K.R.S.: Nesse meio tempo Erdogan se transformou em um verdadeiro autocrata, que domina completamente o país, como se vê na pressão crescente exercida contra a liberdade de imprensa.

As forças da modernização, que até então eram representadas pelo Exército turco, empregadas pelo fundador da nação, Kemal Atatürk, como guardiões da modernização, foram desaparelhadas.

Recentemente um representante do mundo de negócios em Istambul me disse que nenhuma empresa consegue ganhar concorrências para contratos públicos se ele não se comportar segundo os ditames da religião e se sua esposa não trajar um lenço na cabeça. Esse é um pequeno, mas claro sinal, de uma reorientação cultural. Ou seja, ela se afasta claramente desse papel de ser uma espécie de ponte entre o Ocidente e o Oriente, do “bem como” de uma sociedade aberta.

Kurt R. Spillmann

O historiador de 75 anos é professor aposentado da Escola Politécnica Federal de Zurique (ETH, na sigla em alemão).

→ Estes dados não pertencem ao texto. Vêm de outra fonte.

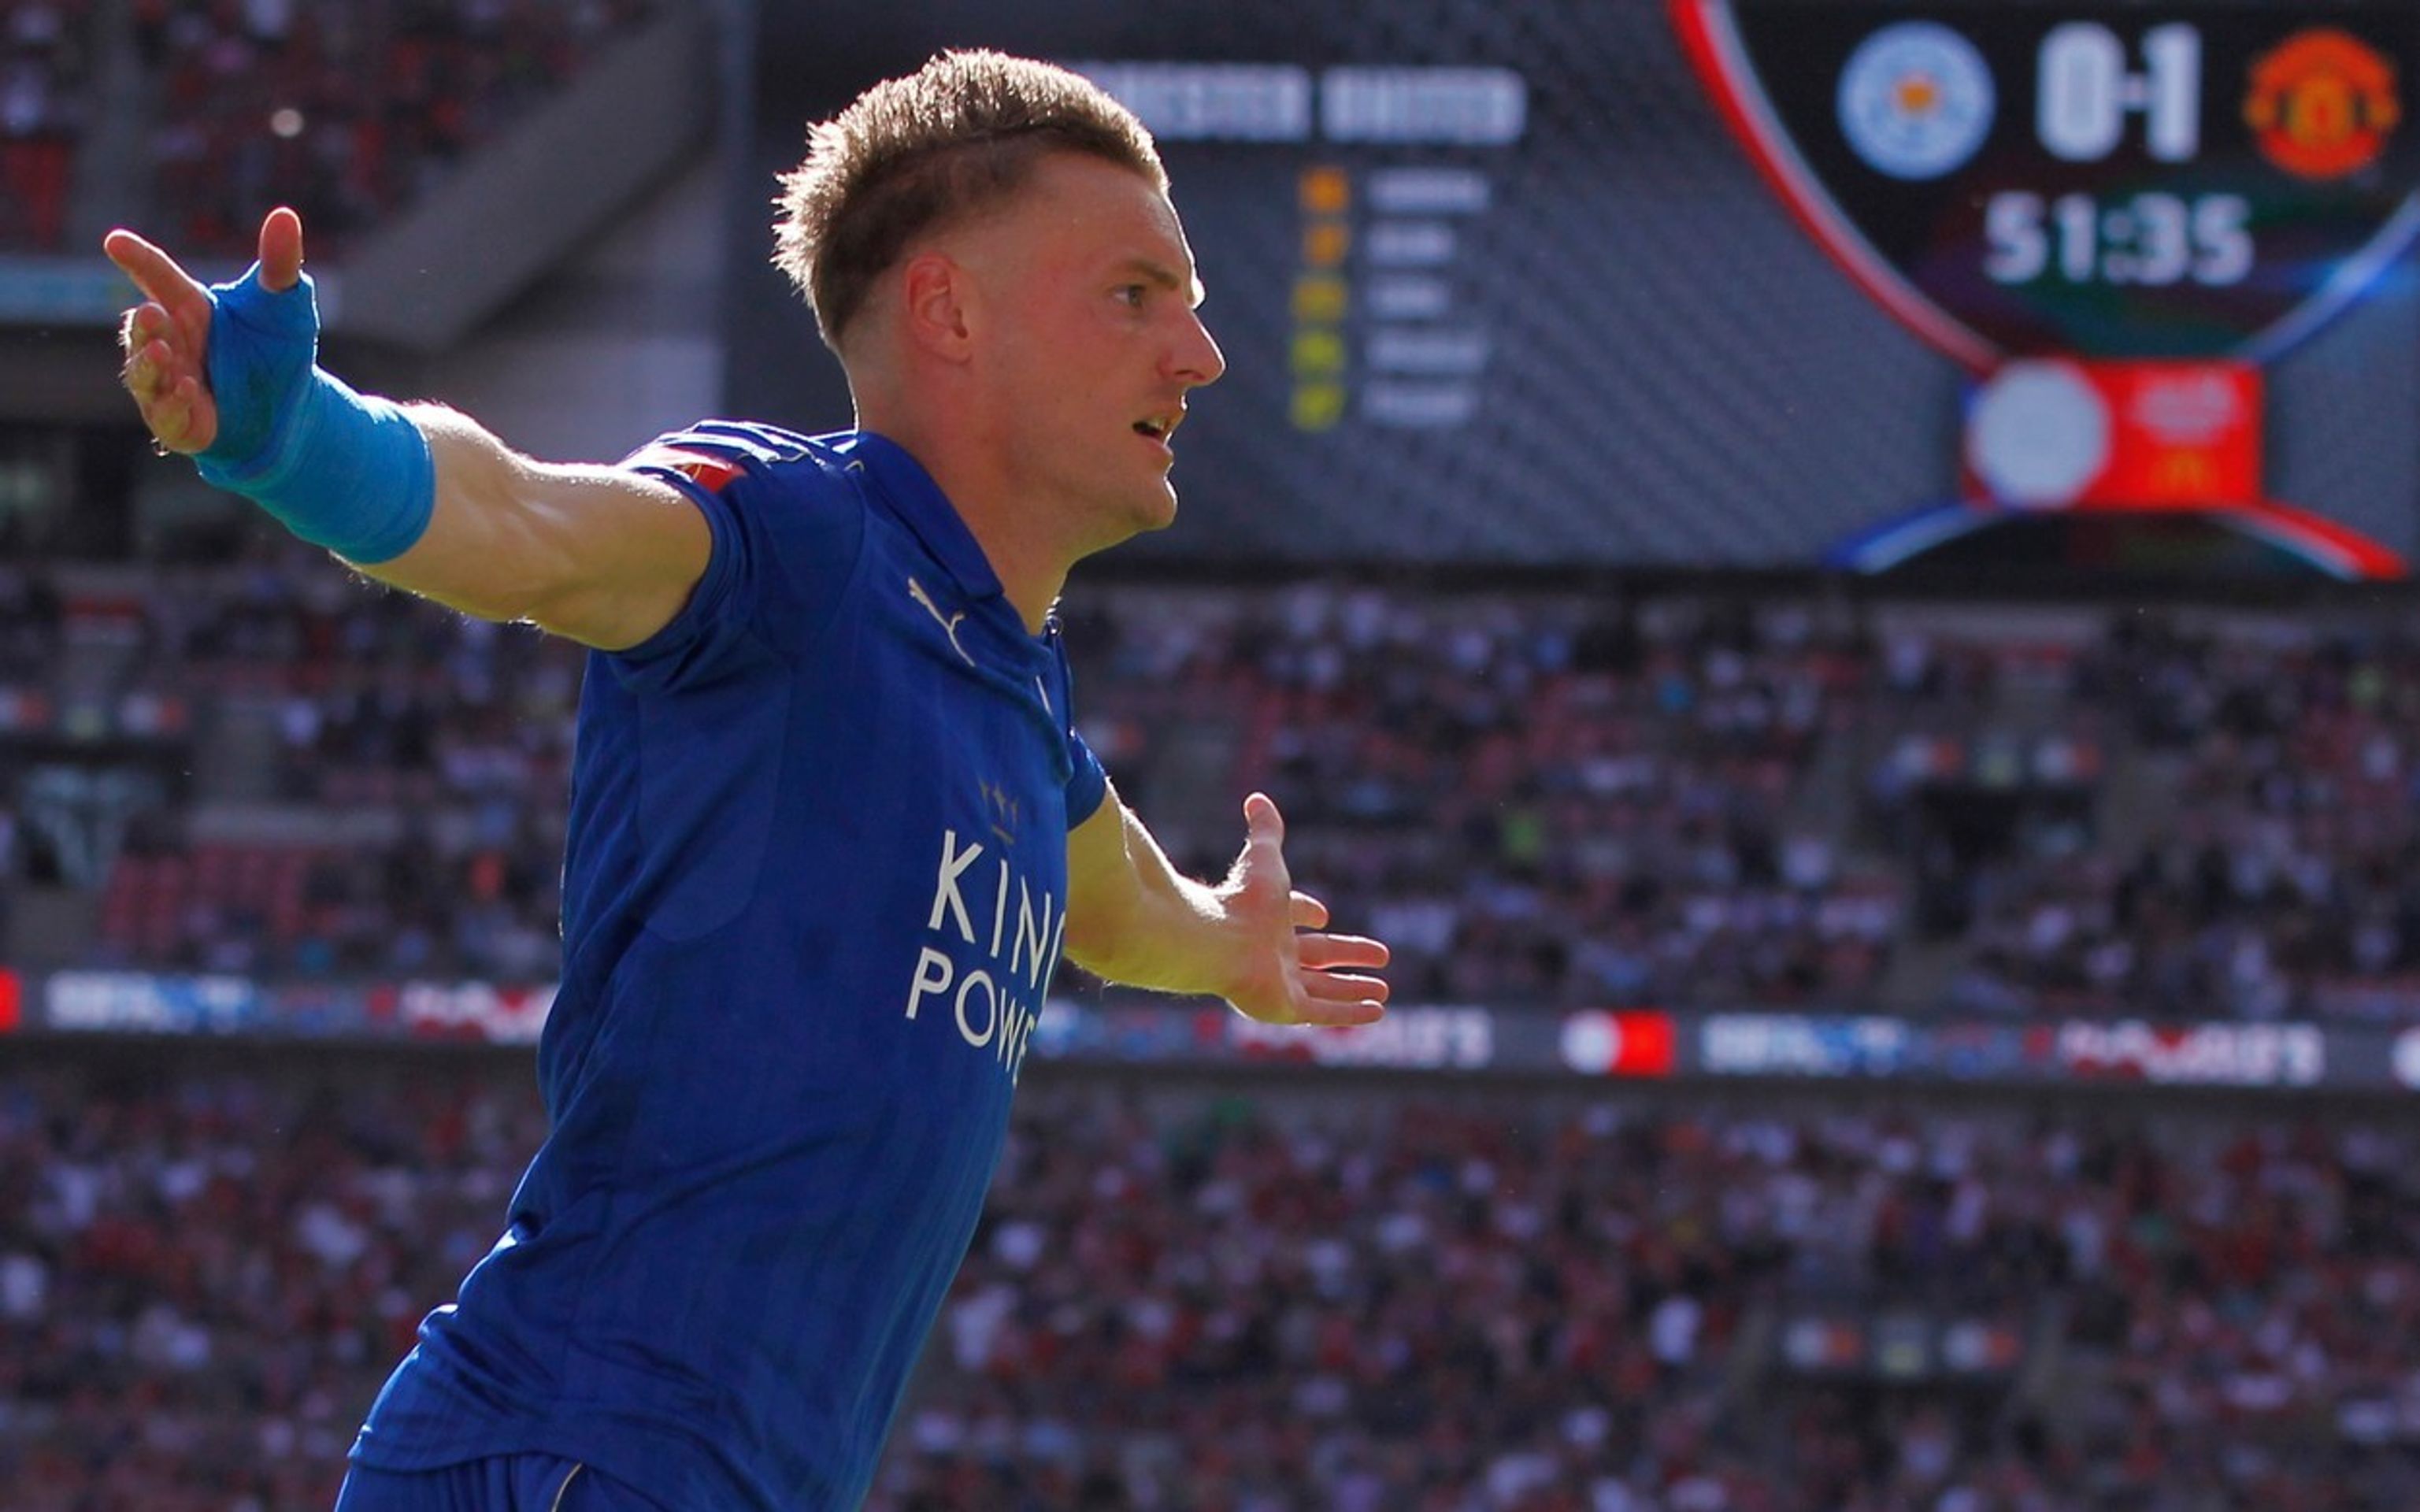 Community Shield: Leicester - Manchester United 1:2 - 2 - GALERIE: Community Shield: Leicester - Manchester United 1:2 (3/5)
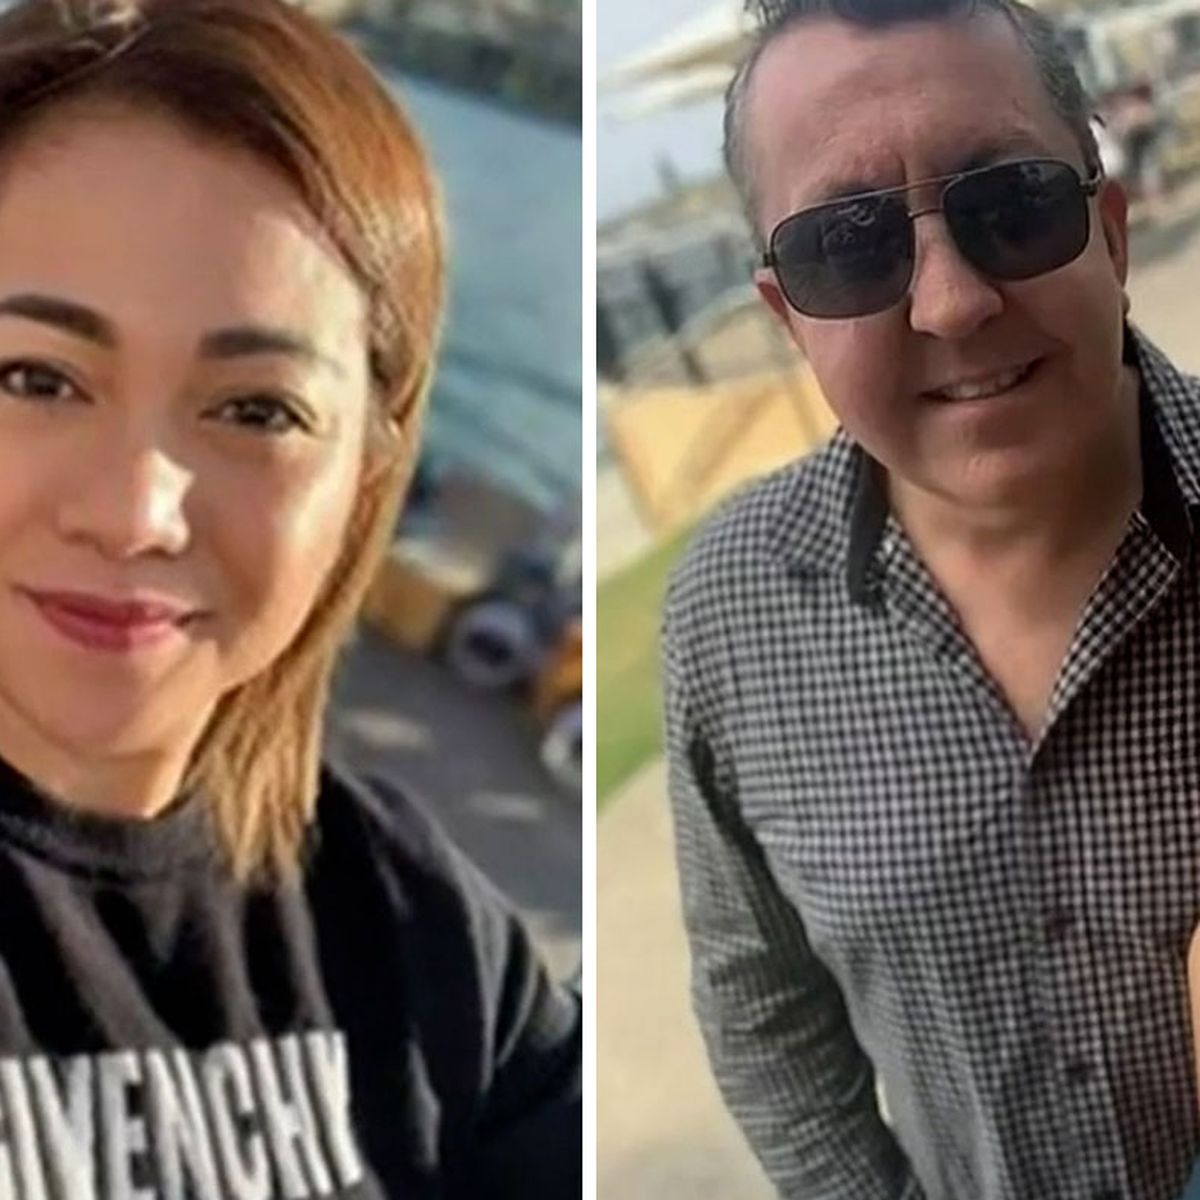 Sydney Couple Offer 70 000 To Filipino Woman They Enslaved

Na instituição, Spillmann fundou em 1986 o Centro de Pesquisas em Políticas de Segurança e Análise de Conflitos, dirigido por ele até hoje.

Ao mesmo tempo se tornou conhecido pelo trabalho como diretor do Centro de Estudos Internacionais Comparados de Zurique (CIS), em cooperação com a Universidade de Zurique.

O pesquisador dirigiu na ETH, de 1987 até 1995, o departamento de Assuntos Militares. Com a patente de coronel, ele também atuou como consultou para o governo helvético e o Parlamento em questões de política de segurança e na reorganização do Exército.

O Tratado de Paz de Lausanne em 1923 é considerado como o marco de nascimento da República turca.

Em 1925: os dois países assinaram um tratado de amizade.

Em 1926: o fundador Kemal Atatürk adapta praticamente todo o Código Civil da Suíça na reforma das leis civis turcas.

O conflito entre a Turquia e os curdos chegou até à Suíça entre os anos de 1980 e 1990 através da chegada de refugiados curdos.

Em 1993, um manifestante curdo foi baleado frente à embaixada da Turquia e outros sete feridos. O suposto atirador era funcionário da embaixada.

O ponto mais baixo do relacionamento entre 2003 e 2005 devido à questão curda e a discussão sobre o genocídio armênio em 1915.

Em 2003, o parlamento cantonal do cantão de Vaud reconheceu a morte de mais de 1,5 milhões de armênios através do Império Otomano como genocídio.

Logo depois a Turquia cancelou a visita planejada da ex-ministra suíça das Relações Exteriores, Micheline Calmy-Rey à Turquia.

Um tribunal suíço condenou, em 2007, o militante turco Dogu Perinçek por ferir as leis contra racismo. Em um discurso proferido na Suíça, ele havia denominado o genocídio como “uma mentira”.

As relações melhoraram após 2006. Em 2008 quatro membros do governo federal visitaram a Turquia.